It was assumed that shrinkage causes normal strains only (i.e., no shear strain). If the isotropy of materials is kept unchanged and Poisson’s ratio is uniform in whole time steps, then the creep function matrix \([J(t_{i} ,t_{j} )]\) can be obtained by the inverse matrix of the stress–strain constitutive matrix of the plane stress elements (Bazant and Wittmann 1982).

$$[J(t_{i} ,t_{j} )] = J(t_{i} ,t_{j} )\left[ {\begin{array}{*{20}c} 1 & { - v} & 0 \\ { - v} & 1 & 0 \\ 0 & 0 & {2(1 + v)} \\ \end{array} } \right]$$
(8)

where \(v\) is the Poisson’s ratio of concrete.

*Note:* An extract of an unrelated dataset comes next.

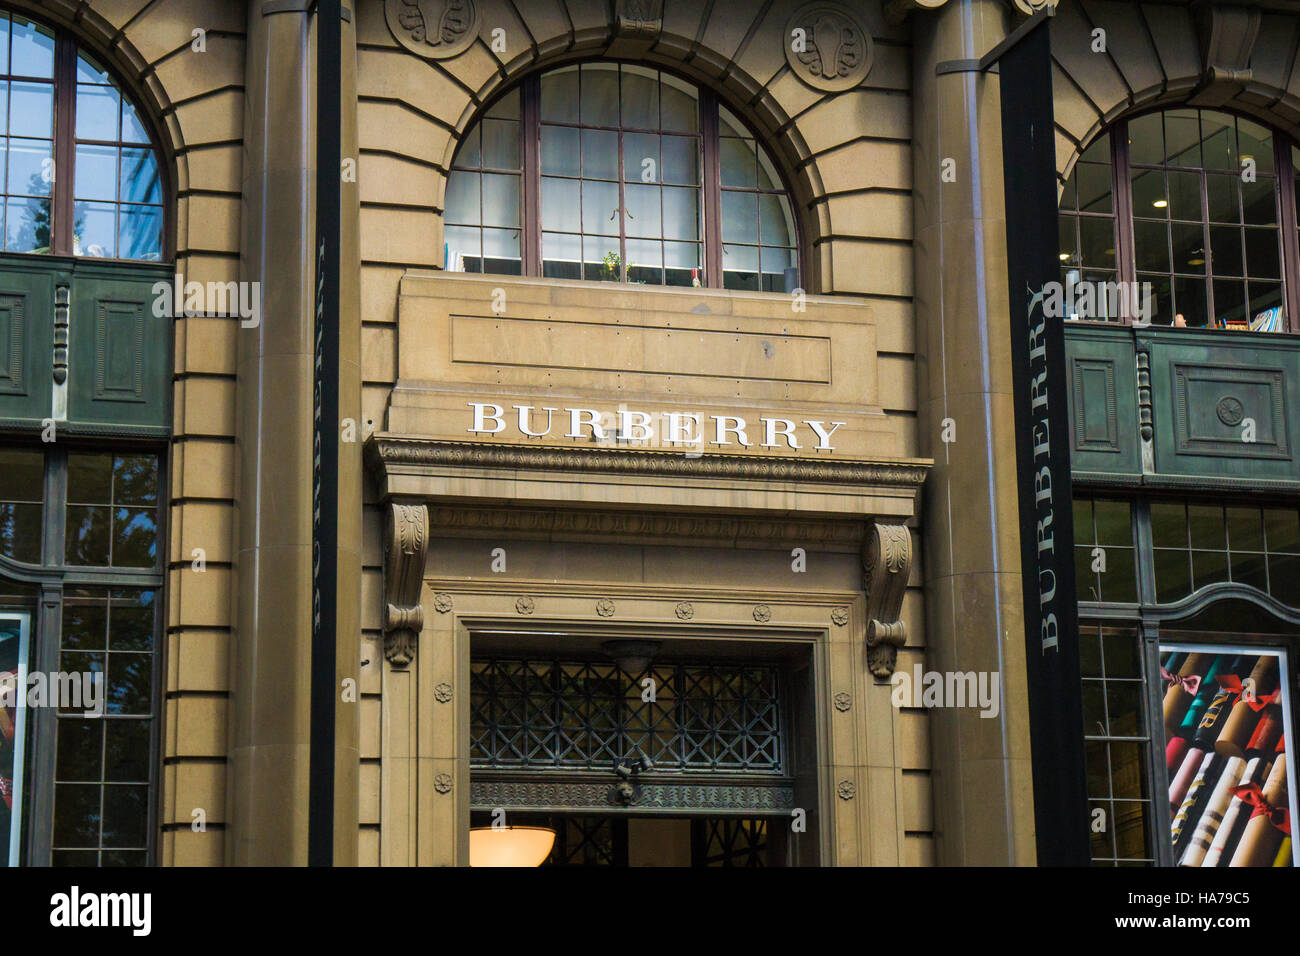 The Burberry Store in George Street, Sydney Stock Photo - Alamy

The increment of the total strain \((\Delta \varepsilon )_{i}\) on the left-hand side of Eqs. (3) and (4) denotes the strain change of concrete rather than that of reinforced concrete. The incremental strain is therefore converted to an equivalent nodal load that can be used in the finite element analysis to obtain the strain change of the reinforced concrete members, which are internally and externally restrained by the reinforcing bars and other connected members such as outriggers. The internal restraint due to the reinforcing bars is represented by the area and second moment of the transformed section that is used for calculating the stiffness matrix of the beam element (Kim 2013). For the wall element, the internal restraint of vertical reinforcing bars was considered by adding truss elements, and the effect of horizontal reinforcing bars was neglected because the horizontal reinforcing bars have no significant effect on vertical displacement. The stiffness matrix of the plane stress elements can be obtained by 2 by 2 Gauss quadrature; however, the stress and the strain vectors are calculated at the center of the elements for efficiency.

The shortening of each column or wall at the end of the i-th interval \(\left\{ {\text{u}} \right\}_{i}\), which is the sum of the change in the vertical displacement until the i-th interval, is given by

$$\left\{ u \right\}_{i} = \sum\limits_{j = 1}^{i} {\left\{ {\Delta u} \right\}_{j} }$$
(9)

where \(\left\{ {\Delta u} \right\}_{j}\) is the increment in the vertical displacement at the j-th interval.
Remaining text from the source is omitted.